Selama tiga hari penuh, dari 22 hingga 24 Oktober 2025, sebanyak 100 kader dari empat desa di Kabupaten Timor Tengah Selatan (TTS), Nusa Tenggara Timur, berkumpul di Niki-niki dalam sebuah kegiatan jambore. Kegiatan ini bukan sekadar pertemuan, melainkan sebuah ruang hidup untuk berbagi pengalaman, memperkuat kapasitas, dan merayakan perjuangan para kader dalam memperluas akses layanan kesehatan reproduksi di komunitas mereka.
Jambore ini merupakan bagian dari proyek TAKENUSA (Tekad Bersama untuk Kesehatan Perempuan Nusa Tenggara), yang diinisiasi oleh Yayasan IPAS Indonesia bersama mitra Yayasan CIS Timor. Sejak diluncurkan pada tahun 2023, proyek ini berfokus pada peningkatan akses terhadap dua isu krusial dalam kesehatan reproduksi: layanan kontrasepsi dan asuhan pasca keguguran.
Melalui sesi diskusi interaktif dan talkshow inspiratif, para kader membagikan kisah nyata perjuangan mereka, mulai dari menghadapi stigma sosial, membangun kepercayaan di tengah budaya patriarki yang kuat, hingga mendorong kelompok remaja.

Dari Rumah ke Tempat Ibadah
Mama Marselina Meli, seorang kader sekaligus majelis gereja, membagikan pendekatannya yang unik dalam menyampaikan informasi tentang keluarga berencana. Ia memanfaatkan momen kebersamaan di gereja untuk berdialog santai dengan jemaat.
“Untuk mendekati masyarakat, saya seorang majelis gereja kadang-kadang sambil pimpin ibadat, sambil tunggu jemaat-jemaat yang lain, kami saling bercerita. Habis itu mereka tanya soal keluarga berencana (KB),” kenangnya.
Dengan perspektif ekonomi, Mama Meli menjelaskan pentingnya KB di tengah naiknya harga kebutuhan pokok dan terbatasnya pemasukan di desa.
“Sementara kebutuhan anak-anak semakin hari semakin menuntut, jangankan kebutuhan anak-anak, kebutuhan dalam rumah tangga untuk makan naik,” tegasnya.
Tantangan dari Dalam Rumah

Bagi Mama Meriani Tefnai, tantangan terbesar justru datang dari rumah sendiri. Ia menghadapi komentar dari suami terkait peran domestik saat mulai aktif sebagai kader.
“Tantangan itu justru ada dari dalam sendiri. Jadi ini menjadi pembelajaran, waktu kita merekrut kader, kalau kader itu perempuan, kita juga harus mendekati suami-suaminya. Baik kalau suami pengertian, kalau suami itu cemburu, ya kita repot,” tegasnya.
Bergerak Bersama Kelompok Remaja
Tak hanya perempuan dewasa, para kader juga menyasar kelompok remaja baik perempuan maupun laki-laki, yang masih minim pengetahuan tentang kesehatan reproduksi. Isu kehamilan tidak direncanakan dan perkawinan anak menjadi perhatian utama.
Kader Nondi Lopo dari Desa Lanu menyoroti pentingnya dukungan pemerintah desa dalam menyelenggarakan sosialisasi rutin.
“Biasanya seringkali tiga bulan sekali ada penyuluhan kesehatan reproduksi kepada remaja di sekolah. Kemudian ada penyuluhan juga dari kader posyandu setiap bulan di pos masing-masing,” ujarnya.
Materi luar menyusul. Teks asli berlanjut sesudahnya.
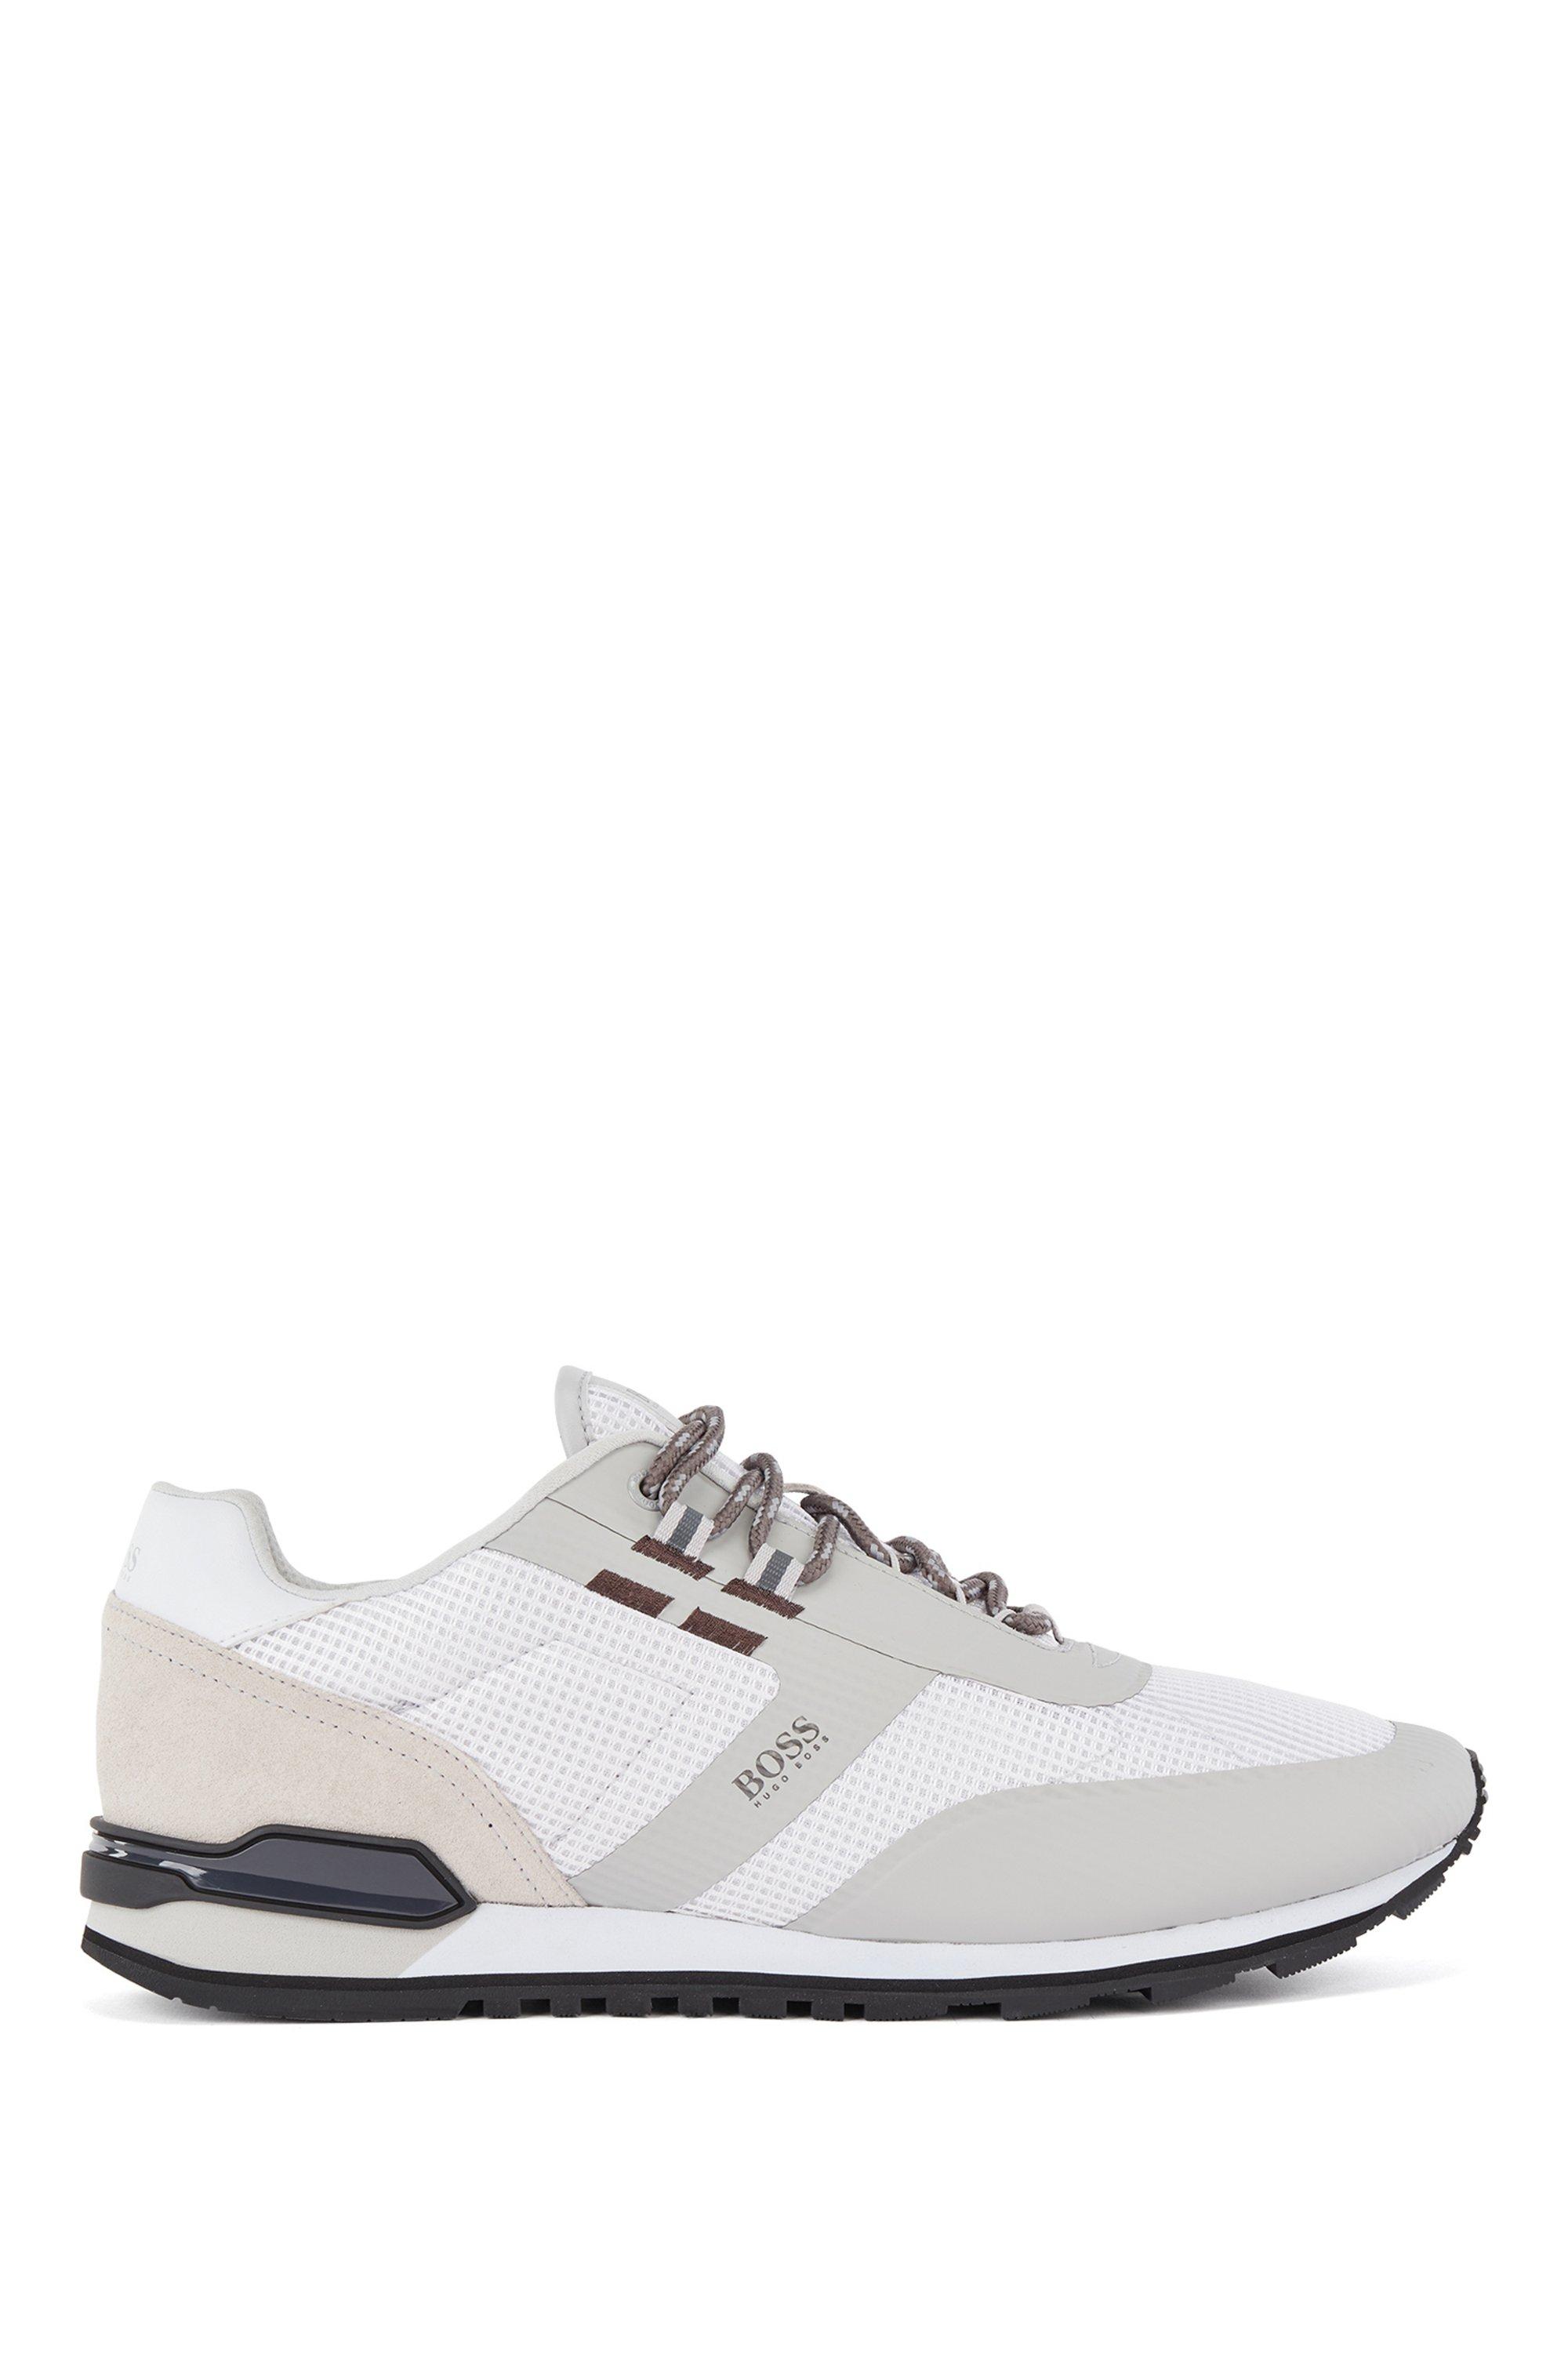 Hybrid-Sneakers aus Nylon, Mesh und Leder, Weiß
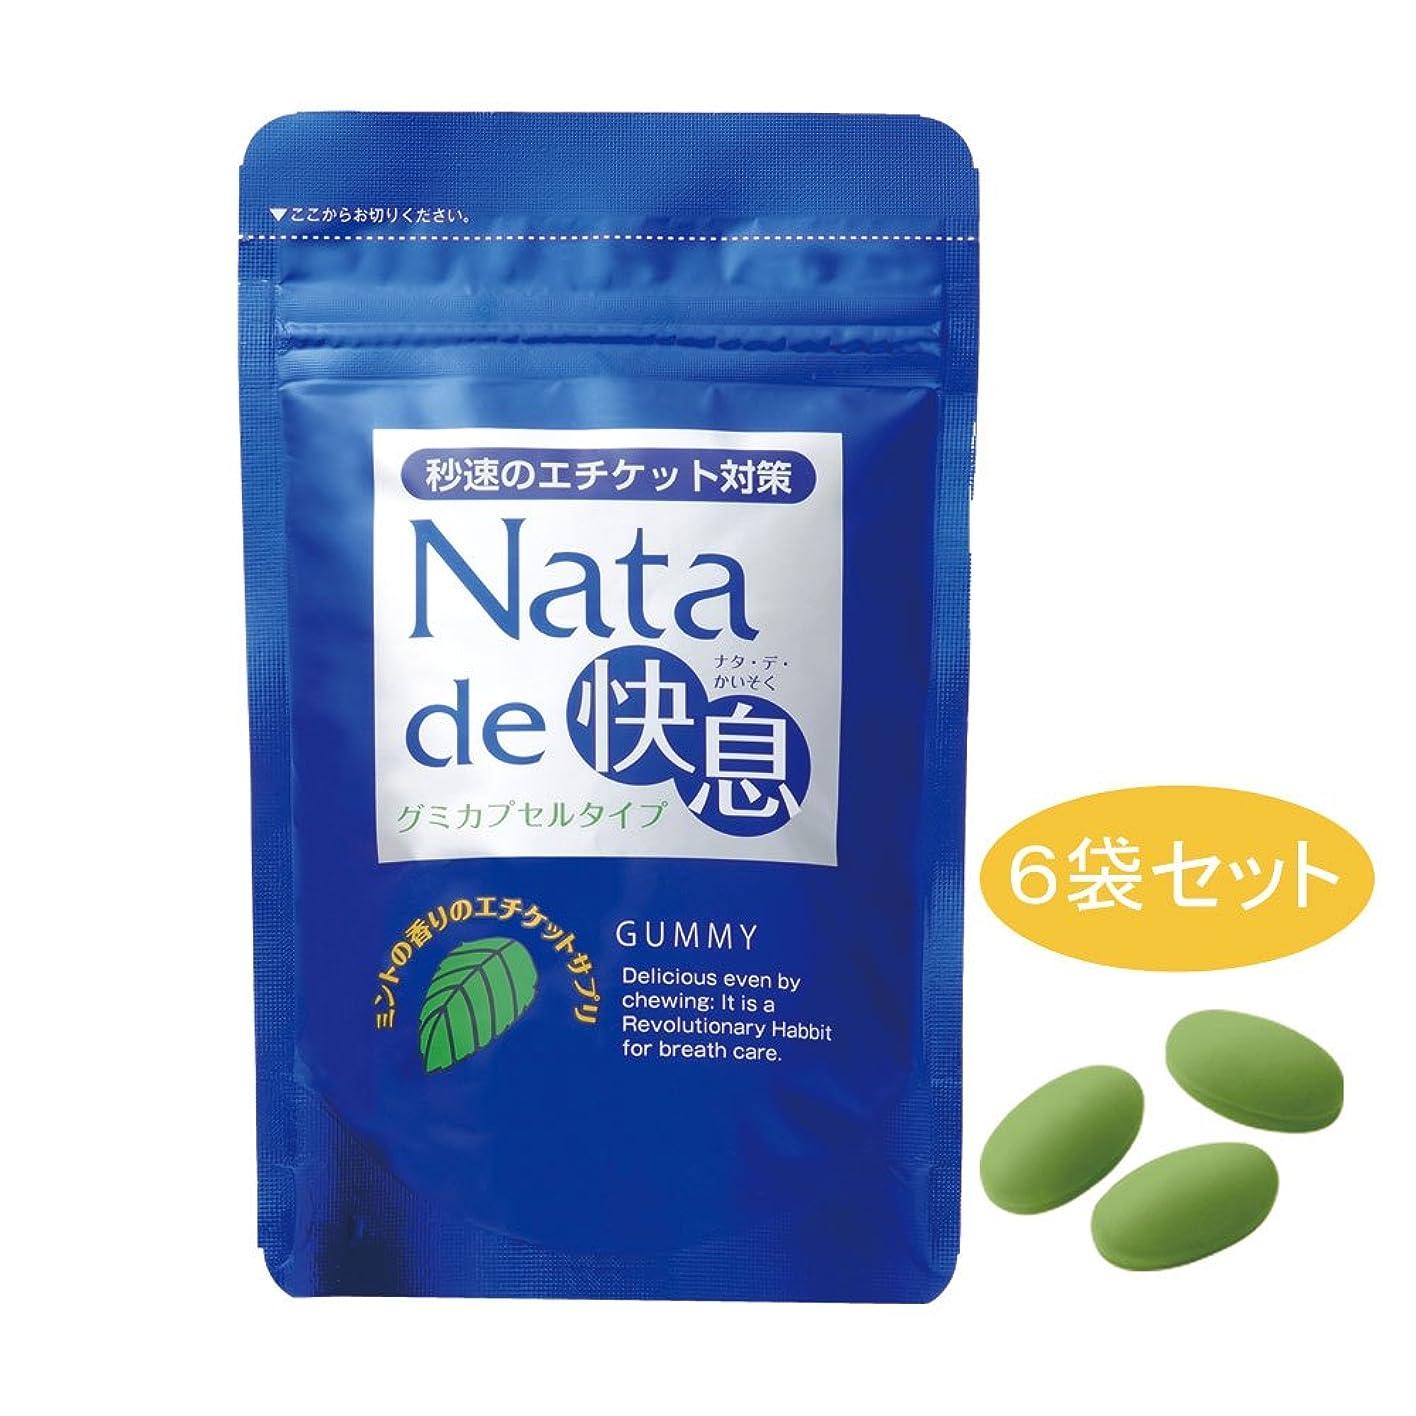 孤児信頼構成員ナタデ快息 ミントの香り 6袋セット

Sebagai guru, Nondi juga menjadikan sekolah sebagai ruang strategis untuk edukasi. “Jadi untuk anak-anak yang ada setiap hari saya bersama dengan mereka dan terus selalu mengingatkan kepada mereka dan itupun juga saya sering konsultasi dengan bapak kepala sekolah semua dewan-dewan guru yang ada untuk setelah pembelajaran,” ungkapnya.
Jambore ini menjadi ruang aman untuk saling menguatkan, belajar dari pengalaman, dan membangun solidaritas lintas desa. Di tengah budaya patriarki yang masih kuat, para kader menunjukkan bahwa perubahan bisa dimulai dari ruang-ruang kecil, dari rumah, gereja, sekolah, hingga posyandu.